This document provides an overview of several methods for optimizing your CircleCI configuration. Each optimization method will be described briefly, will present possible use cases, and will provide an example optimization for speeding up your jobs.

Note: Some of the features discussed in this document may require a specific pricing plan. Visit our pricing usage page to get an overview of the plans CircleCI offers. Or, if you are a logged in to the CircleCI web application, go to Settings > Plan Settings to make adjustments to your plan.

Docker Image Choice

Choosing the right docker image for your project can have huge impact on built time. For example, choosing a basic language image means dependencies and tools need to be downloaded each time your pipeline is run, whereas, if you choose or build an image that has these dependencies and tools already installed, this time will be saved for each build run. When configuring your projects and specifying images, consider the following options:

Caching Dependencies

Caching should be one of the first things you consider when trying to optimize your jobs. If a job fetches data at any point, it is likely that you can make use of caching. A common example is the use of a package/dependency manager. If your project uses Yarn, Bundler, or Pip, for example, the dependencies downloaded during a job can be cached for later use rather than being re-downloaded on every build.

version: 2
jobs:
  build:
    steps: # a collection of executable commands making up the 'build' job
      - checkout # pulls source code to the working directory
      - restore_cache: # **restores saved dependency cache if the Branch key template or requirements.txt files have not changed since the previous run**
          key: deps1-{{ .Branch }}-{{ checksum "requirements.txt" }}
      - run: # install and activate virtual environment with pip
          command: |
            python3 -m venv venv
            . venv/bin/activate
            pip install -r requirements.txt
      - save_cache: # ** special step to save dependency cache **
          key: deps1-{{ .Branch }}-{{ checksum "requirements.txt" }}
          paths:
            - "venv"

Make note of the use of a checksum in the cache key; this is used to calculate when a specific dependency-management file (such as a package.json or requirements.txt in this case) changes and so the cache will be updated accordingly. In the above example, the restore_cache example uses interpolation to put dynamic values into the cache-key, allowing more control in what exactly constitutes the need to update a cache.

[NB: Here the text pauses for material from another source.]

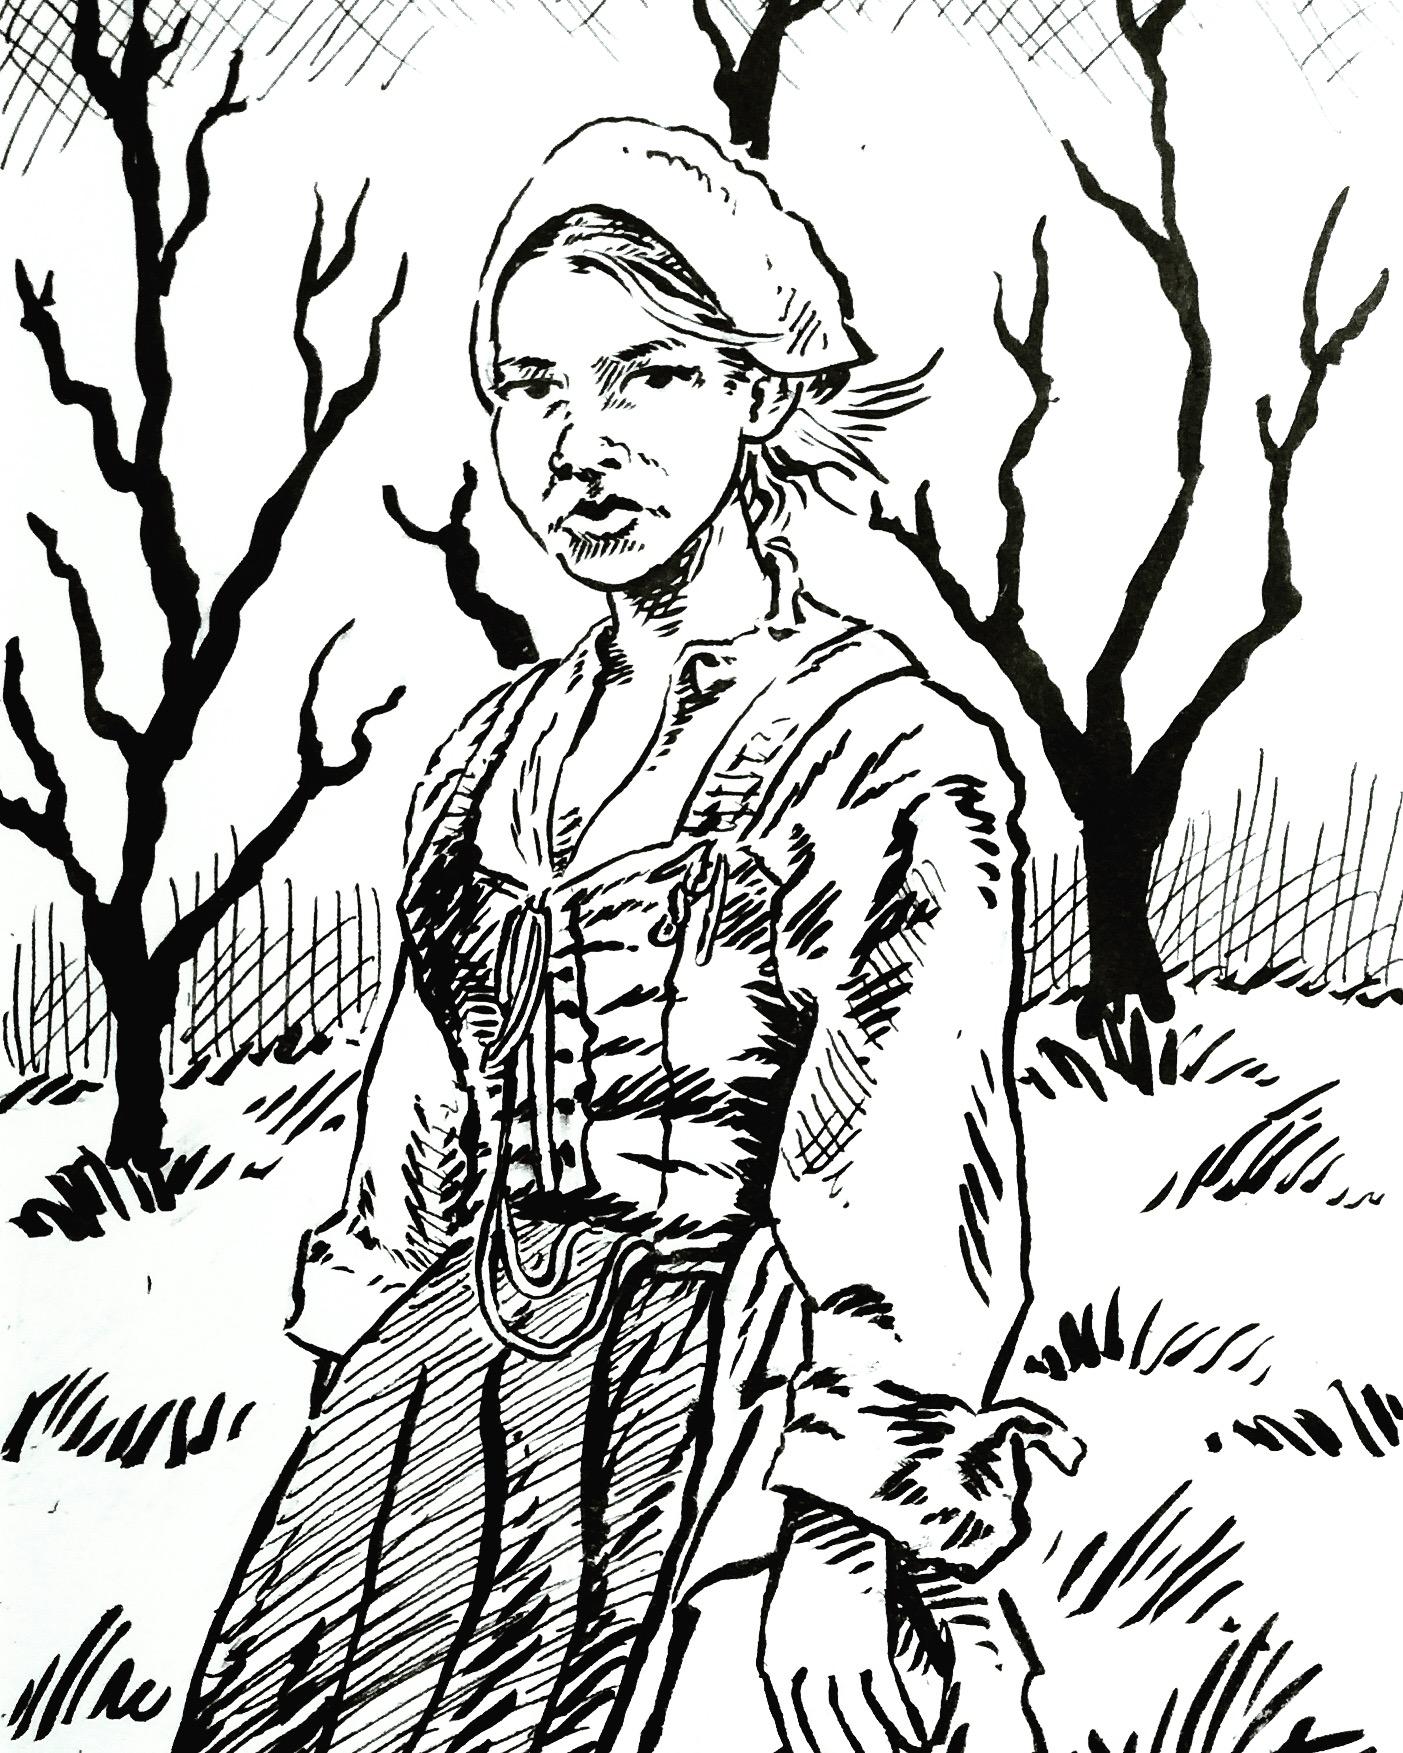 comic-2016-10-11-Inktober.jpg
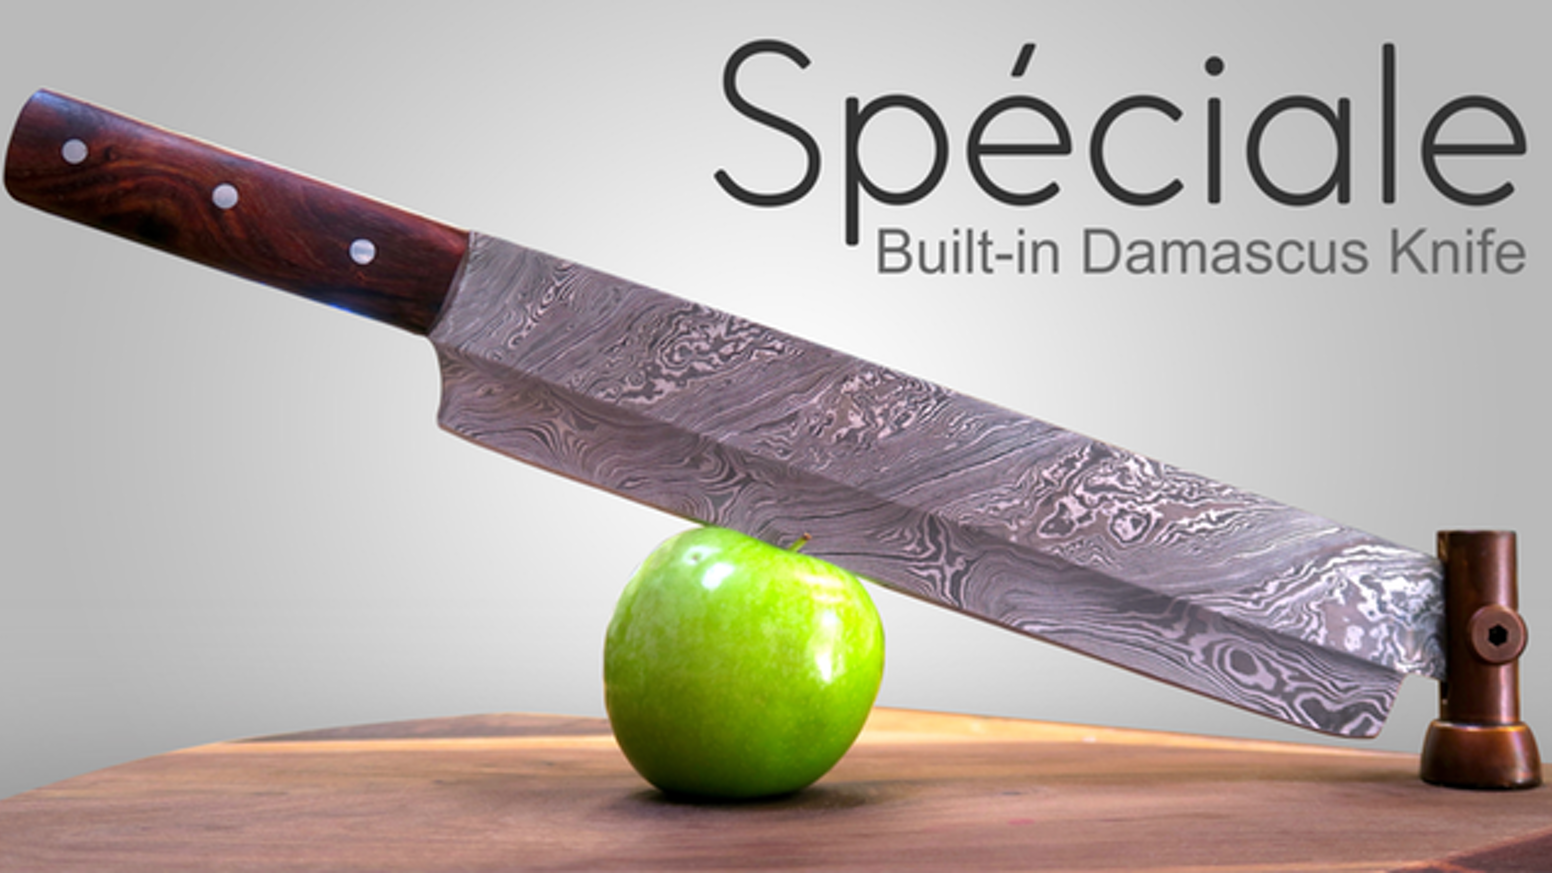 Spéciale | Built-in Damascus Knife by Spéciale — Kickstarter

We recommend that you verify that the dependencies installation step succeeds before adding caching steps. Caching a failed dependency step will require you to change the cache key in order to avoid failed builds due to a bad cache.

Consult the caching document to learn more.

Workflows

Workflows provide a means to define a collection of jobs and their run order. If at any point in your build you see a step where two jobs could happily run independent of one another, workflows may be helpful. Workflows also provide several other features to augment and improve your build configuration. Read more about workflows in the workflow documentation.

Note: Workflows are available to all plans, but running parallel jobs assumes that your plan provides multiple machines to execute on.

version: 2.1
jobs: # here we define two jobs: "build" and "test"
  build:
    docker: # the docker executor is used
      - image: circleci/<language>:<version TAG> # An example docker image
    steps:
      - checkout # Pulls code down from your VCS
      - run: <command> # An example command
  test:
    docker: # same as previous docker key.
      - image: circleci/<language>:<version TAG>
    steps:
      - checkout
      - run: <command>
workflows: # Here we can orchestrate our jobs into a workflow
  version: 2
  build_and_test: # A single workflow named "build_and_test"
    jobs: # we run our `build` job and `test` job in parallel.
      - build
      - test

You can view more examples of workflows in the CircleCI demo workflows repo.

Workspaces

Note: Using workspaces presumes that you are also using workflows.

Workspaces are used to pass along data that is unique to a run and is needed for downstream jobs. So, if you are using workflows, a job run earlier in your build might fetch data and then make it available later for jobs that run later in a build.

To persist data from a job and make it available to downstream jobs via the [attach_workspace] key, configure the job to use the persist_to_workspace key. Files and directories named in the paths: property of persist_to_workspace will be uploaded to the workflow’s temporary workspace relative to the directory specified with the root key. The files and directories are then uploaded and made available for subsequent jobs (and re-runs of the workflow) to use.

Read more about how to use workspaces in the workflows document.

Parallelism

Note: Your CircleCI plan determines what level of parallelism you can use in your builds (1x, 2x, 4x, etc)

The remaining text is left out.